If you’re providing hotel-like perks such as regular cleaning or maid service (in excess of 10% of the rental cost), fresh linens or towels, in-room coffee, transportation, or sight-seeing, you’re providing substantial services, and that means you'd file Schedule C.
If you did report the income as rental on Schedule E, then there is nothing you can use for depreciation that you did not own as indicated by our awesome tax experts @ColeenD3, @JillS56 and @DaveF1006.
Please update if you need further clarification.
@DianeW777 wrote:If you did report the income as rental on Schedule E, then there is nothing you can use for depreciation that you did not own as indicated by our awesome tax experts @ColeenD3, @JillS56 and @DaveF1006.

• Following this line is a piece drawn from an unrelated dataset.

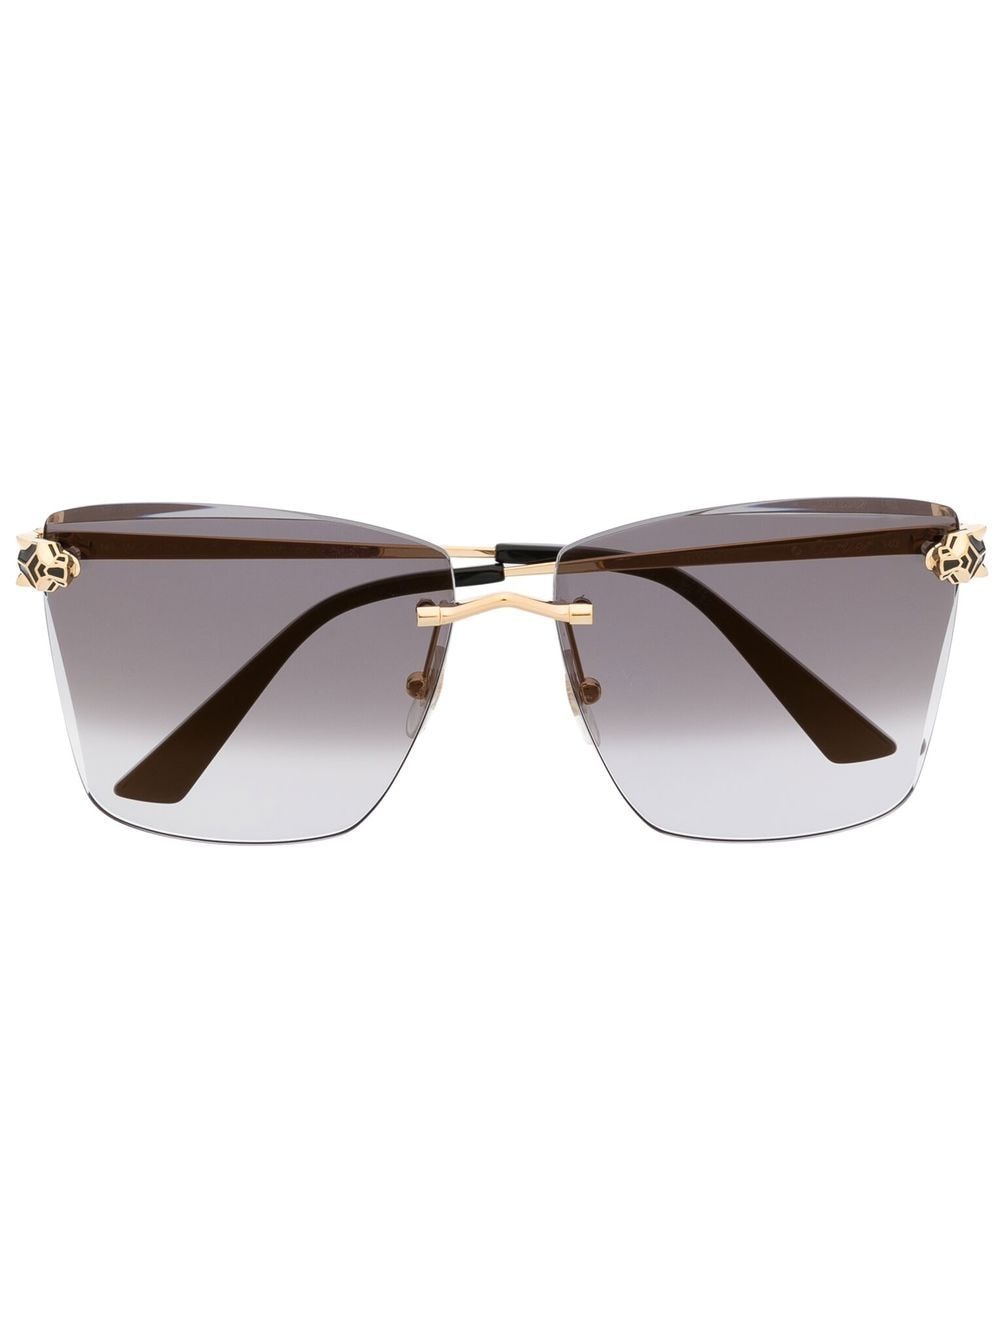 Cartier Panther Frameless Glasses In Gold

Did you not read the law that I posted?
Perhaps it would be clearer if the OP asked "can I depreciate capital improvements I made to the property I rented from somebody". But just because the improvements don't qualify under the category of "Qualified Improvement Property" (or the former "Leasehold Improvement Property") does NOT mean the capital improvements can't be depreciated. They are just depreciated under the 'normal' categories for real estate.
Yes it was strictly for business use. I didn’t live there.
I do see where AmeliesUncle has posted an IRS - Regulation §1.167(a)-4 where you could depreciate these assets. To claim, you will need to report the Airbnb like it was a business.
@DaveF1006 wrote:I do see where AmeliesUncle has posted an IRS - Regulation §1.167(a)-4 where you could depreciate these assets. To claim, you will need to report the Airbnb like it was a business.
No, it does not need to be a business on Schedule C. A rental on Schedule E would qualify as well.